Recently a bookstore in Sylva, North Carolina called and asked me to send them copies of my monarch butterfly guide.  You can see something about the guide in my earlier posts.  I ordered the books to be sent directly from Amazon, and asked only that I be reimbursed for the cost and shipping.  Below is an insert from me I asked the store to put in each copy.

Fall 2023

Dear Friend,

I released the most recent edition of my monarch migration guide a couple years ago.  The plan was to update it every other year or so.  As you might tell, I did everything in the book myself, from writing and photography to layout and publishing.  As it happens, I’m busy with many things and couldn’t keep up with updating it as much as needed.  Maybe next year….
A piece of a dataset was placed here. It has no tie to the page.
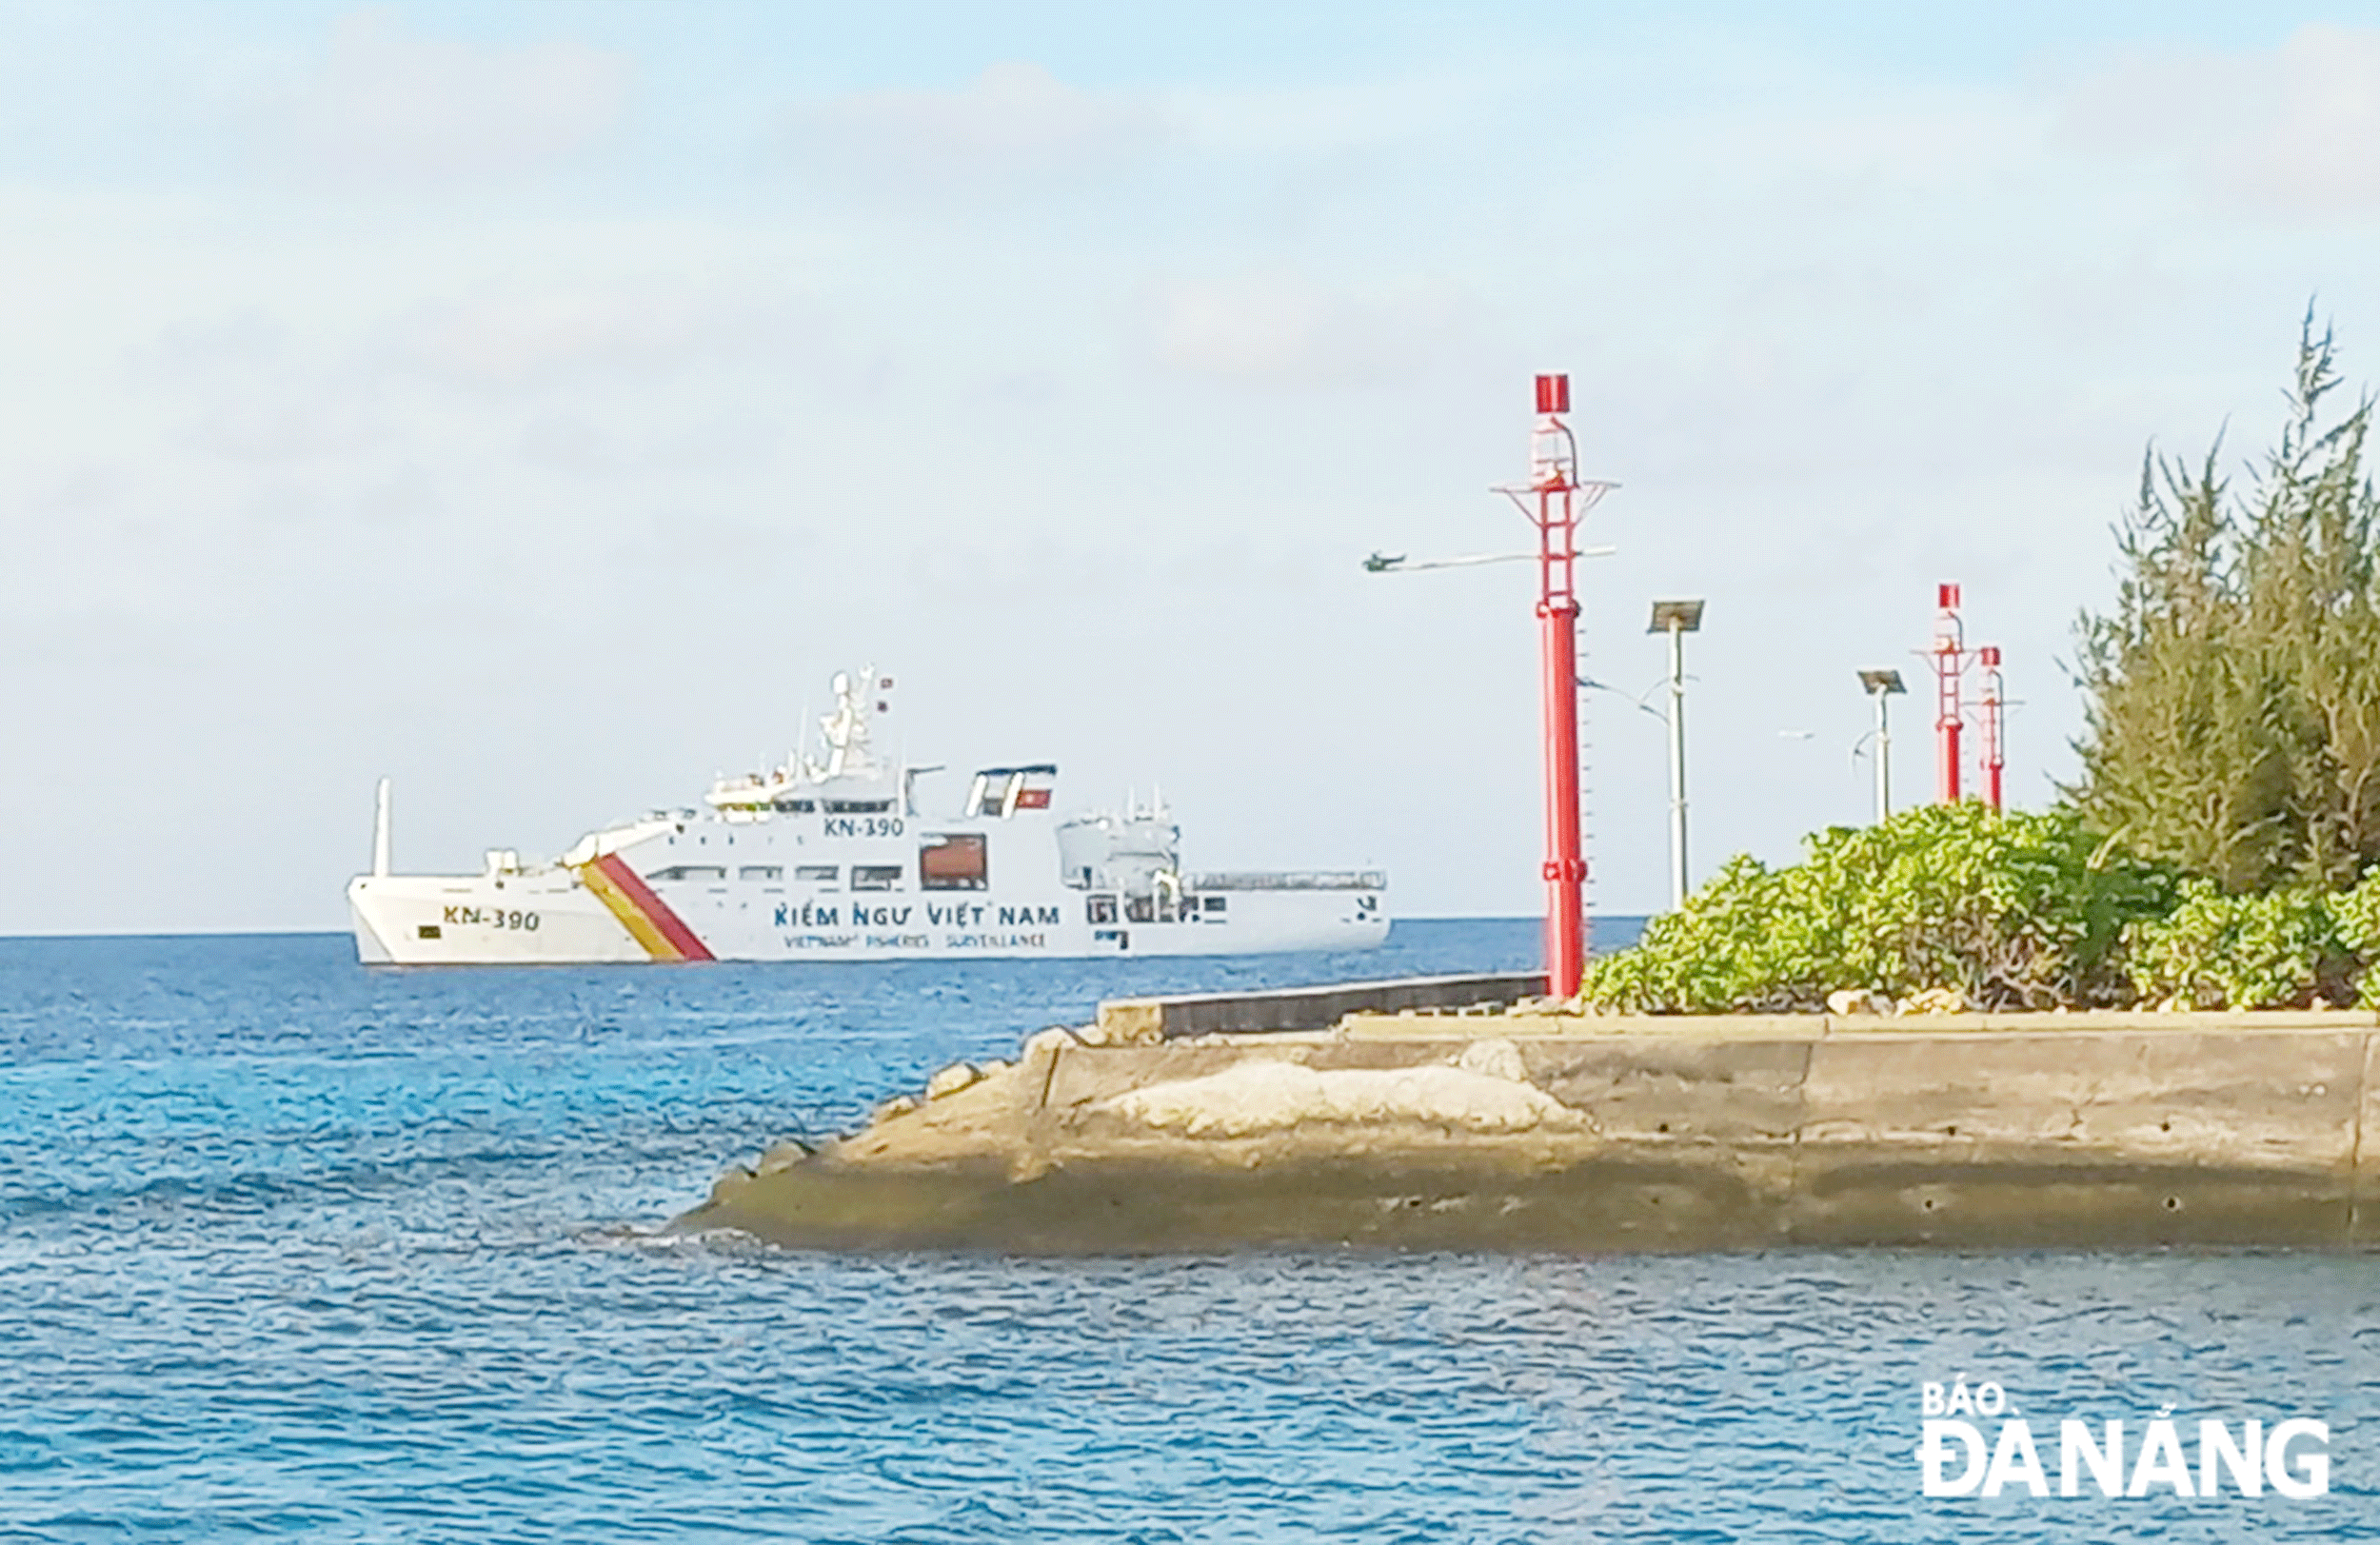 Tàu KN 390 khởi hành từ Quân cảng Vùng 3 Hải quân đưa đoàn công tác số 5-2024 neo đậu bên ngoài đảo Song Tử Tây, quần đảo Trường Sa.  Ảnh: TRIỆU TÙNG

Anyway, when City Lights Books asked me to send them books for this fall I was delighted with their interest, but wanted to include an insert, this insert.

Because the book is a guide, I wanted up-to-date information.  Some of the material now is out of date.  But much of it—the photographs, the monarch life cycle details, and the better locations for viewing the monarch migration around here are all still good.  One of the hiking trails shared, Naked Falls, I would no longer recommend because it is now overused.  One of the retail sources for milkweed plants, Mellie Mac’s, is no longer in business. Some of the educational events are different now.  There are other things, like recent overwintering counts in Mexico, so look online for what’s current.

The book was a detailed snapshot from the past, still of some value, I hope.  I’m not making anything from it, I just offer it as a gift of my time.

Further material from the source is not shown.